Startups get Sebi lifeline
Mumbai: Making it easier for startups to raise capital from Angel funds, Sebi on Wednesday relaxed norms governing investments by angel investors.
Approving most of the recommendations submitted by an advisory committee headed by N.R. Narayana Murthy, the regulator said a maximum of 200 angel investors would be now allowed to invest in an alternative investment scheme that invests in startups.
Earlier, only 49 angel funds were allowed to participate in a scheme.
Angel funds provide the much-needed seed capital to cash-starved entrepreneurs in their early stages of growth. In order to make it easier for angel investors to enter and exit a company, the regulator relaxed the minimum lock-in requirement.
“The lock-in requirements of investment made by Angel Funds in the venture capital undertaking is reduced from three years to one year,” Sebi said.

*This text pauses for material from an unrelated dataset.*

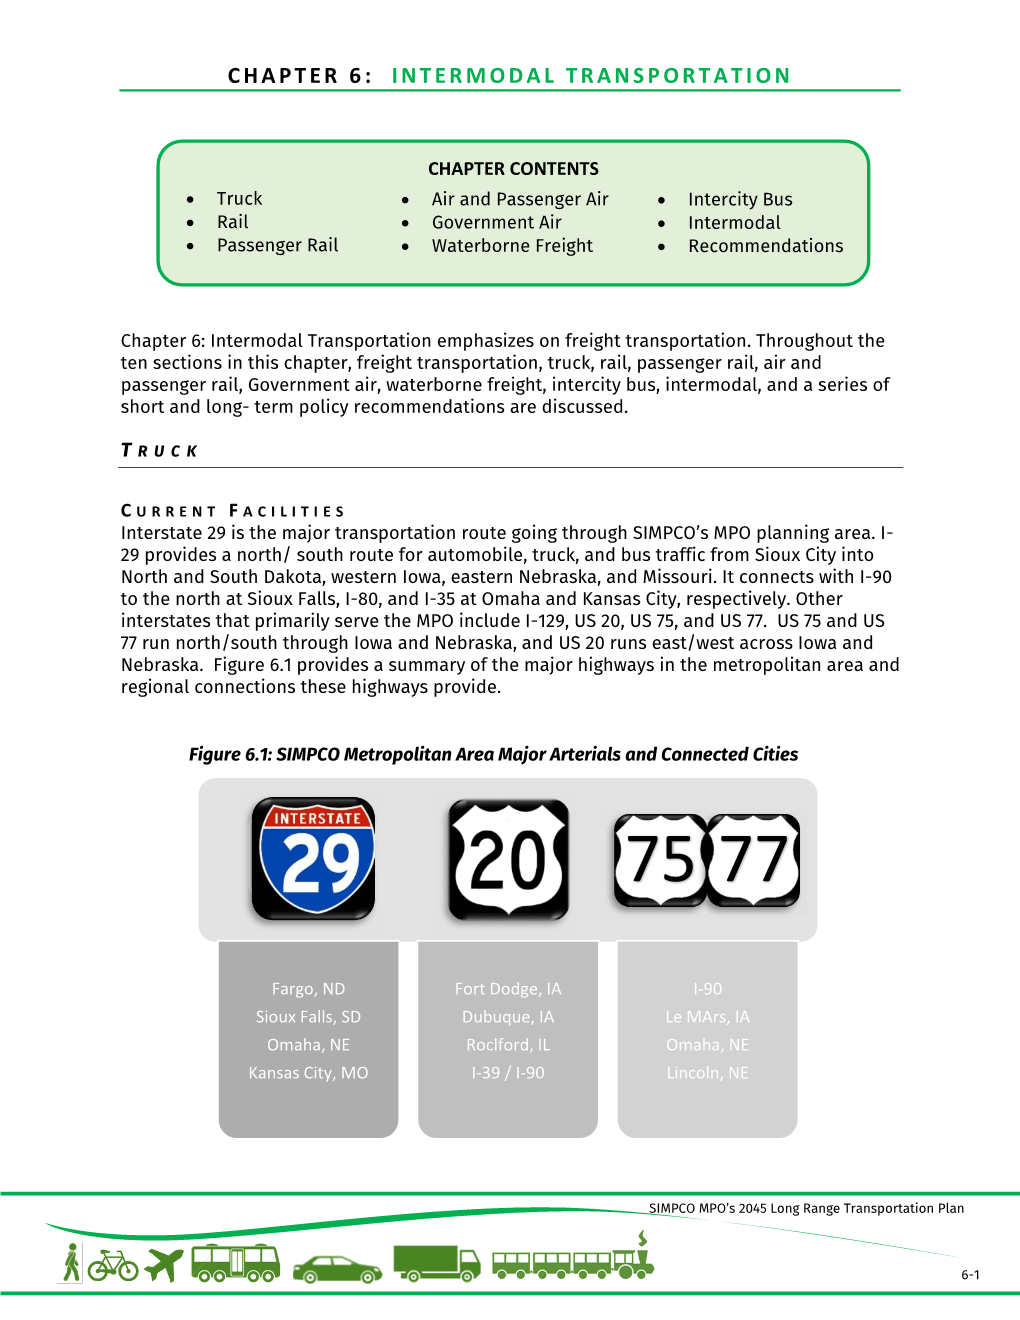 Chapter 6: Intermodal Transportation Emphasizes on Freight Transportation

Additionally to make a number of companies eligible to receive capital from Sebi-registered funds, the regulator allowed angel funds to invest in startups incorporated within five years from an earlier cap of three years.
“The requirements of minimum investment amount by an Angel Fund in any venture capital undertaking is reduced from fifty lakhs to twenty-five lakhs,” Sebi added.

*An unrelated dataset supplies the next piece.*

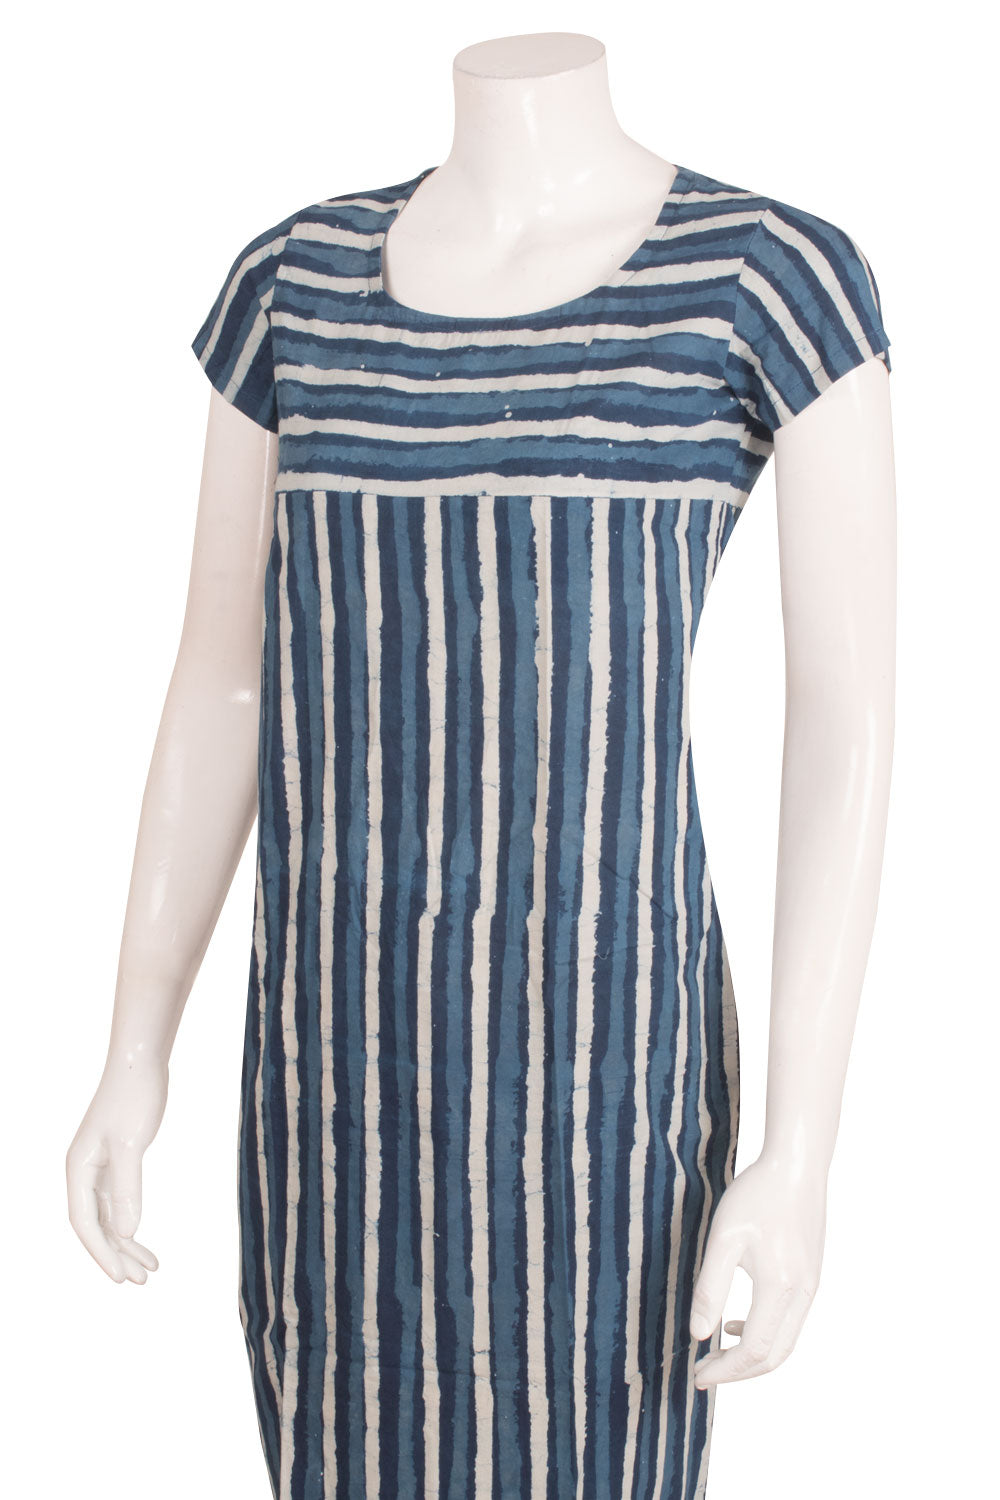 Dabu Printed Knee Length Cotton Dress with Stripes Design

The board of Sebi, which met on Wednesday also decided to permit foreign portfolio investors (FPI) to invest in unlisted debt securities and securitised debt instruments.
Currently, overseas investors were permitted to invest only in unlisted debt instruments issued by companies in the infrastructure sector.

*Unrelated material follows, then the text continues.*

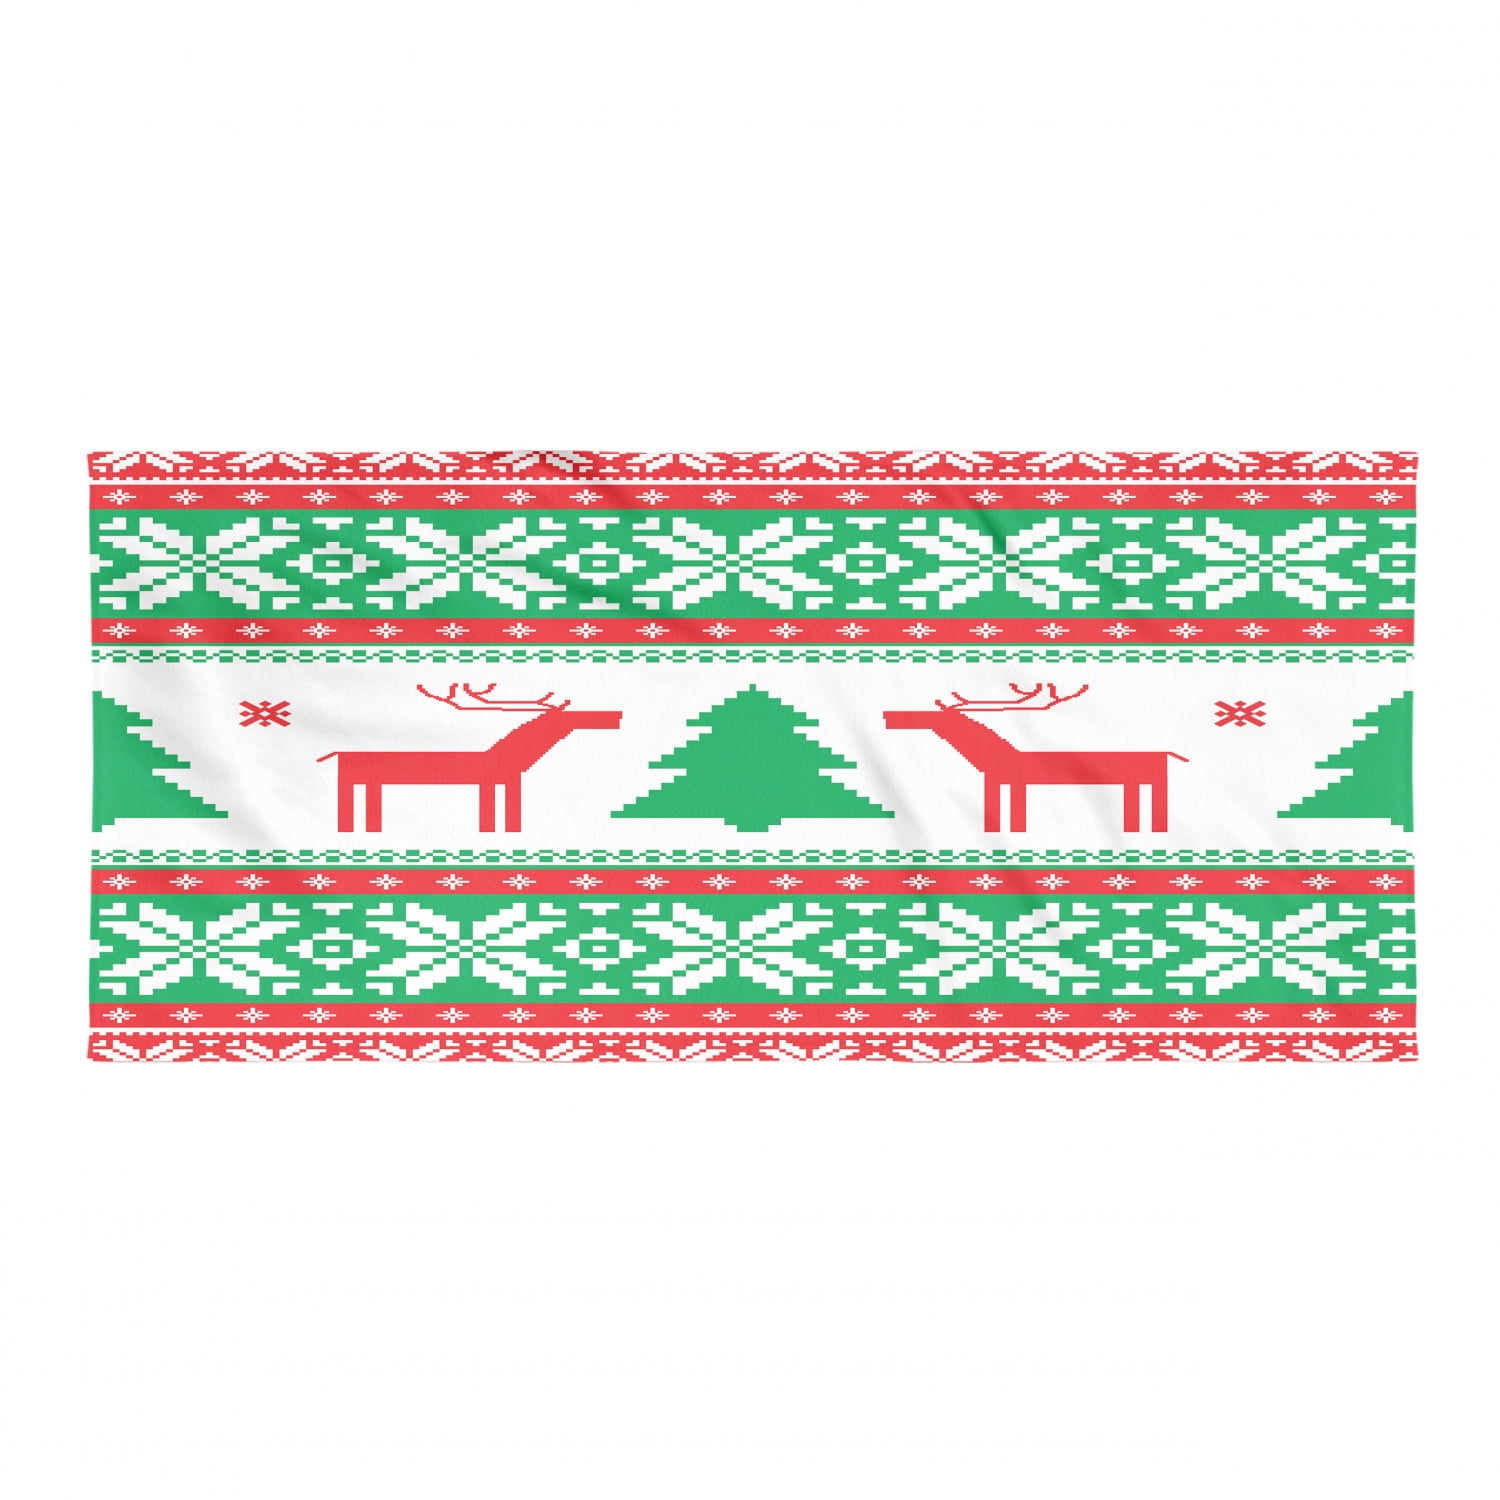  Microfiber Beach Towel, Christmas Snowflake Red

However, the regulator clarified that such instruments should have a minimum residual maturity of three years.
More importantly, funds received from overseas investors will have end use restrictions on investment in real estate business, capital market and purchase of land.
Addressing the corporate governance issues in compensation agreements entered into between key managerial persons and private equity players, Sebi said such agreements should get prior approval from the board of directors as well as public shareholders.
“The board had deliberated the concerns related to private equity funds entering into compensation agreements to incentivise promoters, directors and key managerial personnel of listed investee companies which could potentially lead to unfair practices,” Sebi said.